10. It can be taken from the description of the present application that the Pl3K/Akt pathway is thought to be involved in autoimmune and inflammatory diseases as well as in transplant rejection (page 6, lines 4 and 5 and lines 10-15). It is also derivable from the application that these disorders involve signal transduction from growth factor receptors and that the activation of Akt kinase is one component of this signalling pathway (page 6, lines 4 to 7).
Phosphorylation of the serine residue at position 473 of the Akt kinase is an event which induces its full activation (page 6, lines 6 and 7) and which requires signalling by the mammalian target of rapamycin (mTOR), a member of the Pl3K family of kinases (page 6, lines 9 to 10). On the other hand, mTOR controls TPP II expression (page 6, lines 10 to 11).
It is stated at the top of page 6:
"Without wishing to be bound by theory, the efficacy of the present invention is believed to be a consequence of the link between TPP II inhibition and the Pl3K/Akt pathway."

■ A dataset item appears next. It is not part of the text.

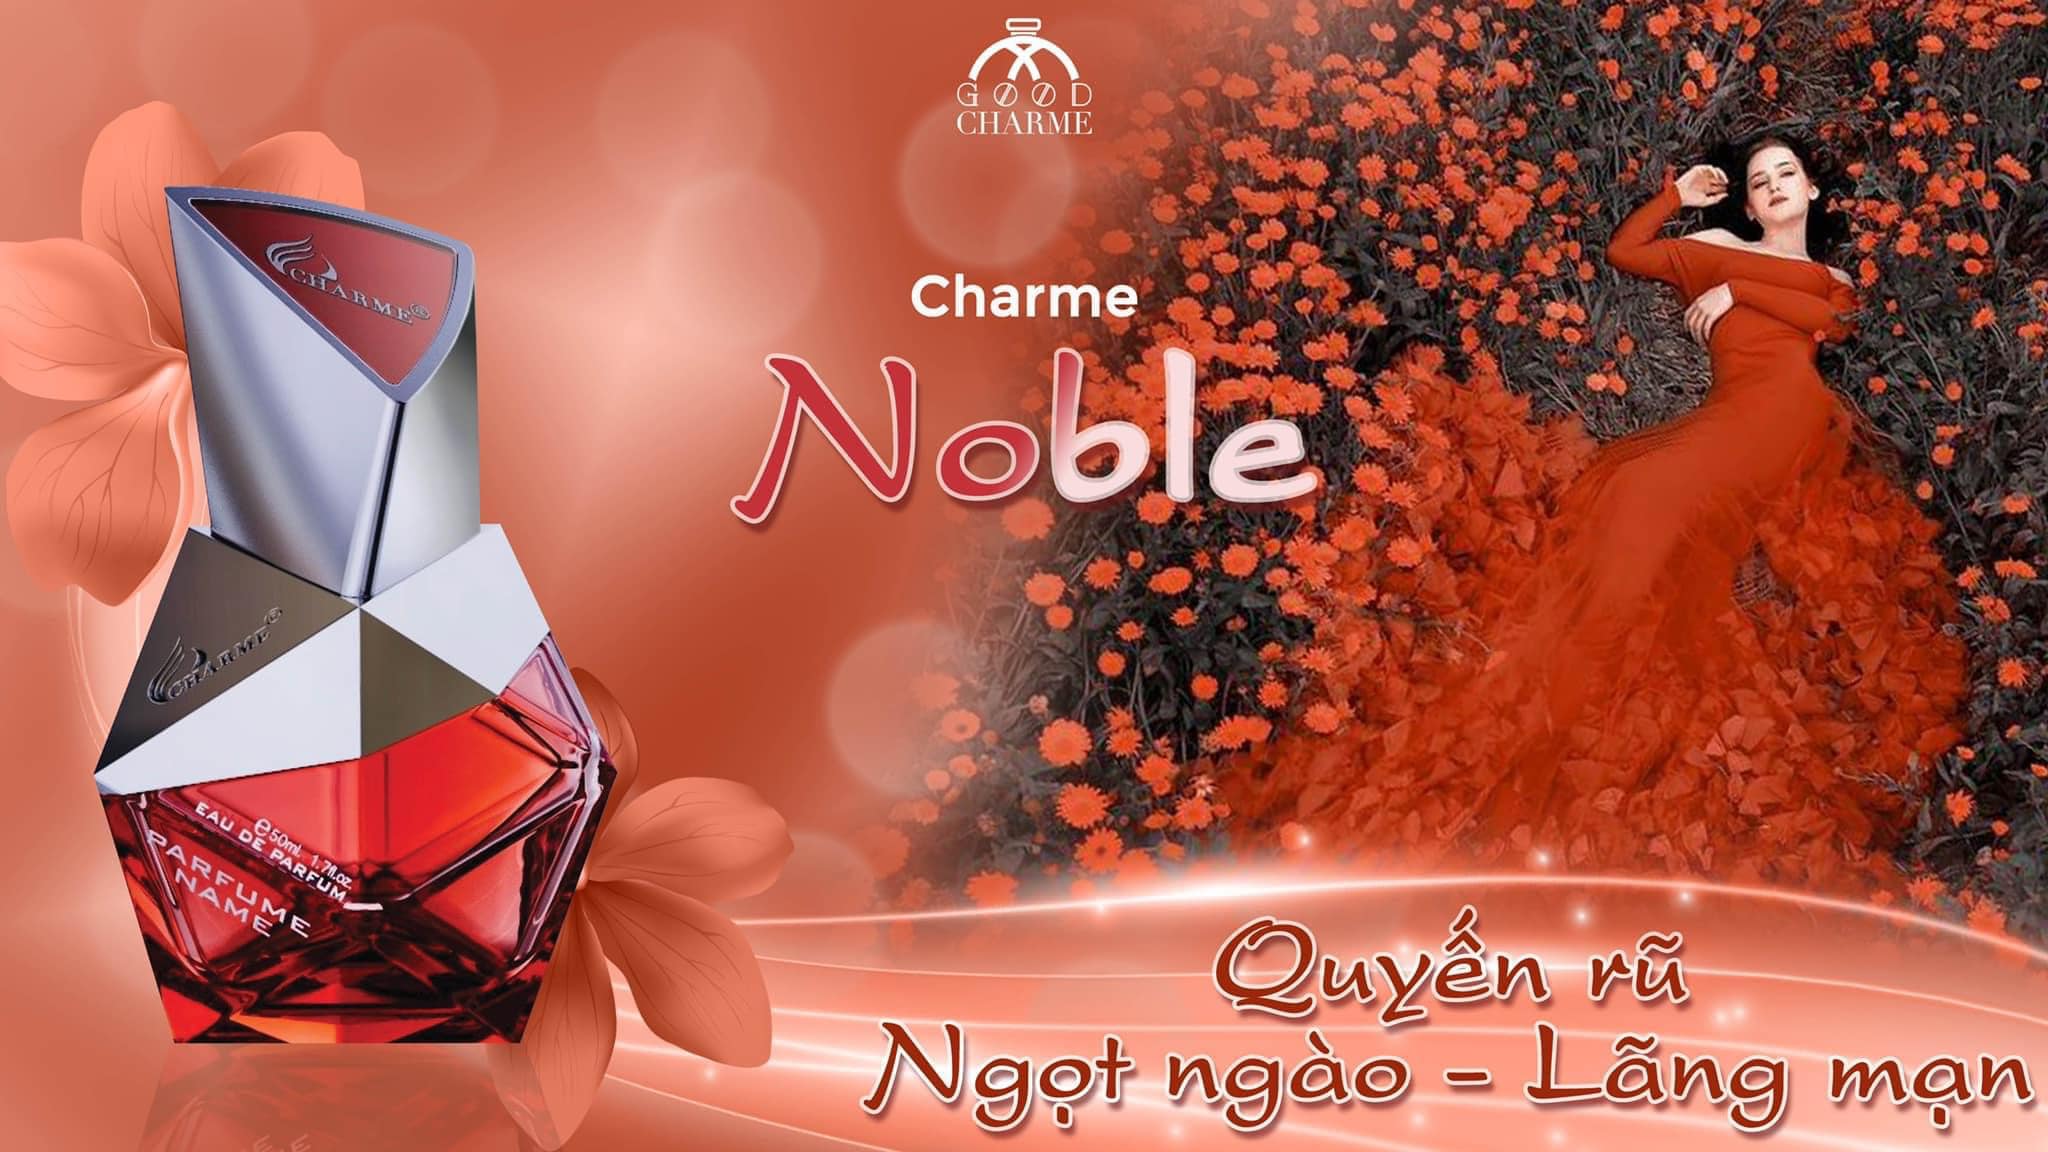 Nước hoa nữ lưu hương lâu, Charme Noble, chiết xuất hoa cam, ngọt ngào, quyến rũ, đầy sức hút, 50ml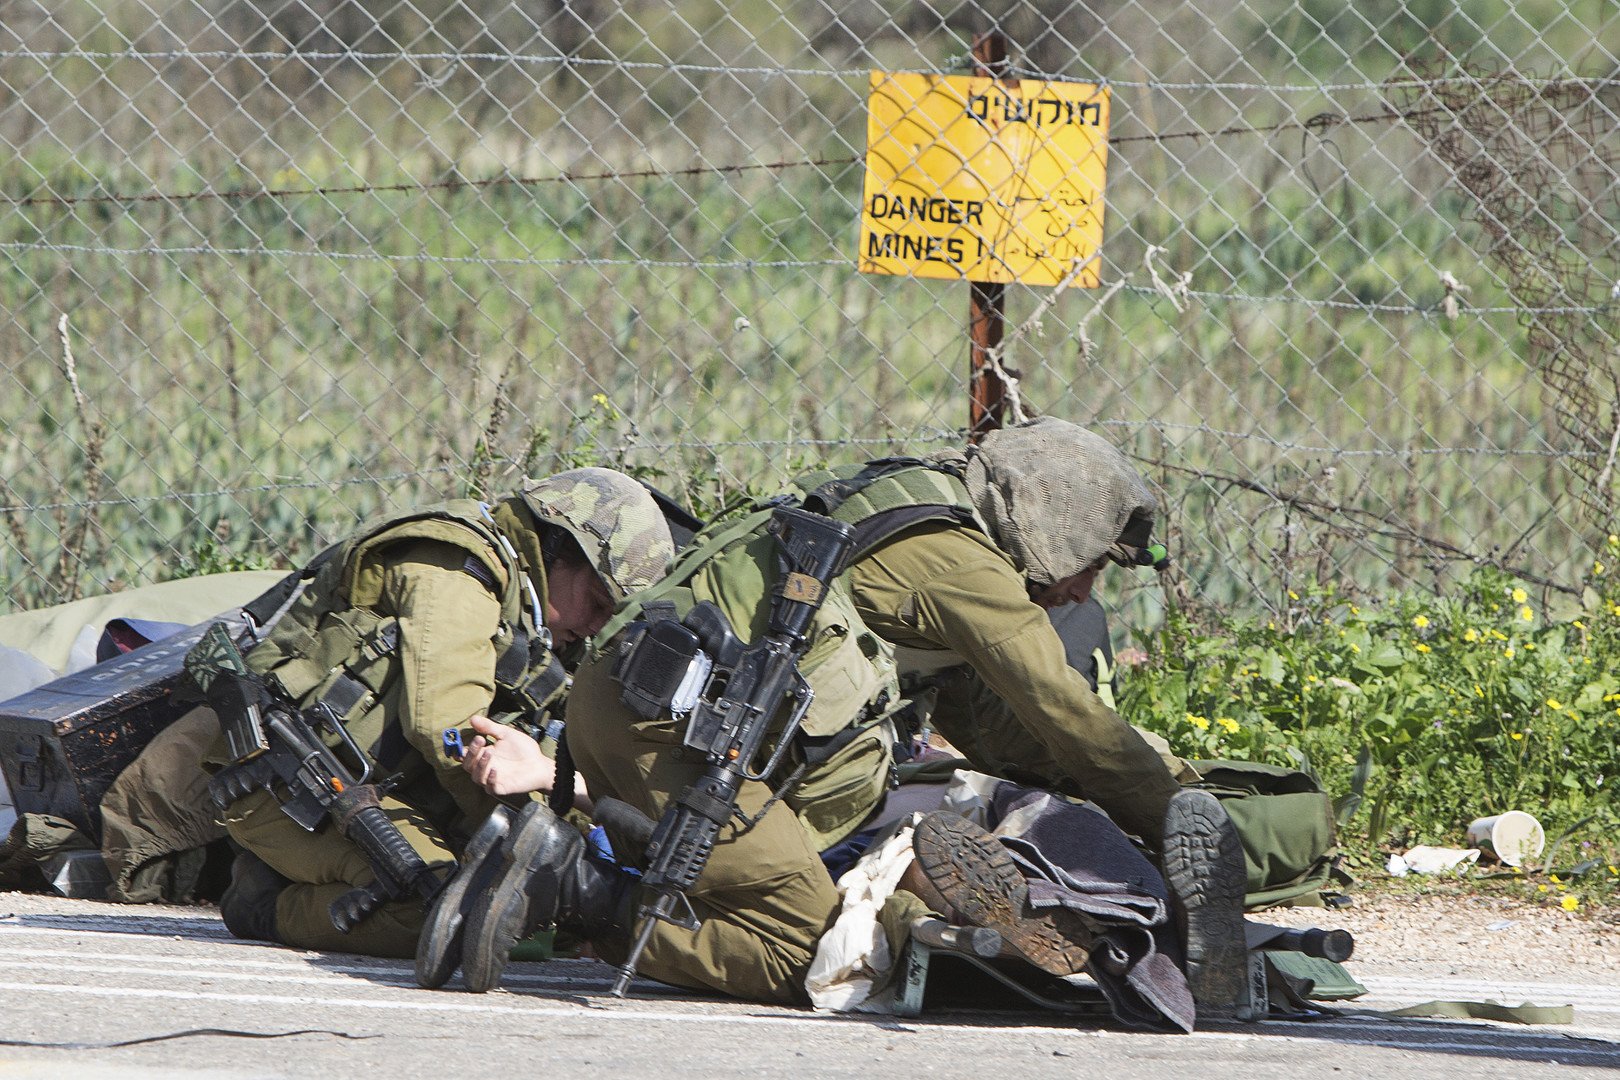  جنود اسرائيليون يحاولون اسعاف جندي مصاب نتيجة قصف حزب الله على حدود اسرائيل مع لبنان 28 يناير 2015

Furthermore it is stated at the top of page 7:
"Thus, we have recognized that the Pl3K/Akt pathway can be targeted for the purpose of down regulating the immune activation, thereby enabling therapy in auto-immune and inflammatory disease."
11. In view of the disclosure in the description as recited in paragraph 10 above, the board considers that all the four inventions defined by the ISA (section IV above) concern a priori a common concept, i.e. the treatment with TPP II inhibitors of medical disorders in which the Pl3K/Akt pathway is involved.
12. An a posteriori non-unity could arise if this concept had already been part of the prior art. In the invitation to pay additional fees, the ISA has argued that the application lacked unity of invention, because the common concept, which was seen in the "use of TPP II inhibitors in medicine as well as screening for TPP II inhibitors in order to use them in medicine" was considered not novel in view of document WO 03/105835 which disclosed the use of TPP II inhibitors in the treatment of cancer.
13. Document WO 03/105835 discloses that in Burkitt's lymphoma the proteasome machinery has been shown to be impaired and that this defect is compensated by an upregulation of alternative proteolytic pathways, for example tripeptidyl petpidase II (page 9, lines 17-19). It is therefore suggested that TPP II inhibitors might be able to selectively inhibit the growth of Burkitt's lymphoma and other cancer cells. It is shown in the document that growth and soft agar colony formation of cancer cells are inhibited by butabindide, a TPP II inhibitor (page 10, lines 6 to 9).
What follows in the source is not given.